When enjoyed with friends it becomes an entirely different beast though, and one that has a wealth of questions and enough types of said questions to keep you and your pals amused. Even if you start to find them repeated, there is always the option to download more via PSN. The design is easy enough for all to pick-up-and-play and the lack of clutter on screen could be seen as an advantage in order to help other, less gaming savvy members of your social circle get to grips with it. This accessibility will mean that there is never a lack of friends or family able to give it a whirl which is key to the long term appeal of the title.
The backbone of the game remains the same as it ever was, with those keen to show off their musical knowledge most likely to gain from the experience.

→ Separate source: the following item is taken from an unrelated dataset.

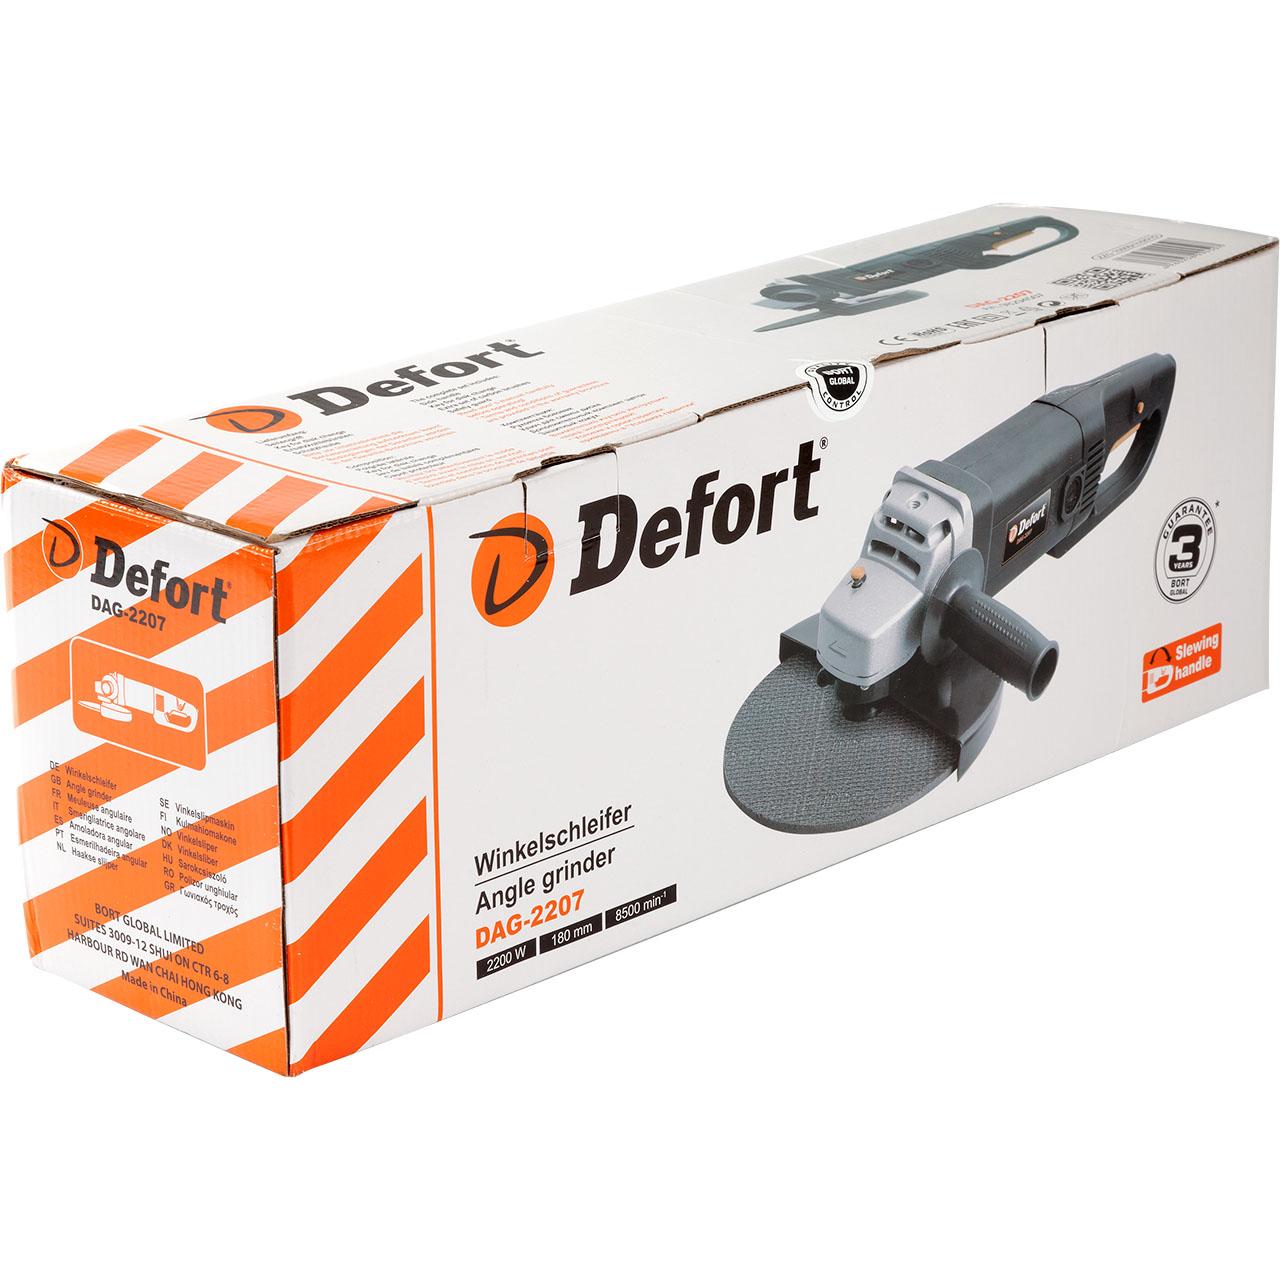 Шлифмашина угловая DAG-2207 Defort 98294507

Unlicensed music doesn’t help (especially now that musical games have us accustomed to genuine tracks), particularly with regards the single-player, but with enough banter going on it becomes less of an issue.
As a budget title, it is hard to argue with the appeal of a new set of questions and a bit of PlayStation 3 spit and polish, but expectations of inventive Move related gameplay that revolutionise the series in any way should be put far from any potential purchaser’s mind.
- Lots of new questions
- Party fun
- Humorous PS Eye features
The Frog Chorus
- Minimal Move incorporation
- Unlicensed music
- Gimmicky Move mini-games
Buzz: The Ultimate Music Quiz PS3 Review
Buzz: The Ultimate Music Quiz is less of a step forward than at first it may appear. The utilisation of the Move peripheral seems an afterthought with cobbled on, and unrefined mini-games that only nod towards what could have been a far more satisfying evolution of the series. Unlicensed tracks will hamper even the most ardent muso's craving for a fresh set of questions to test themselves against.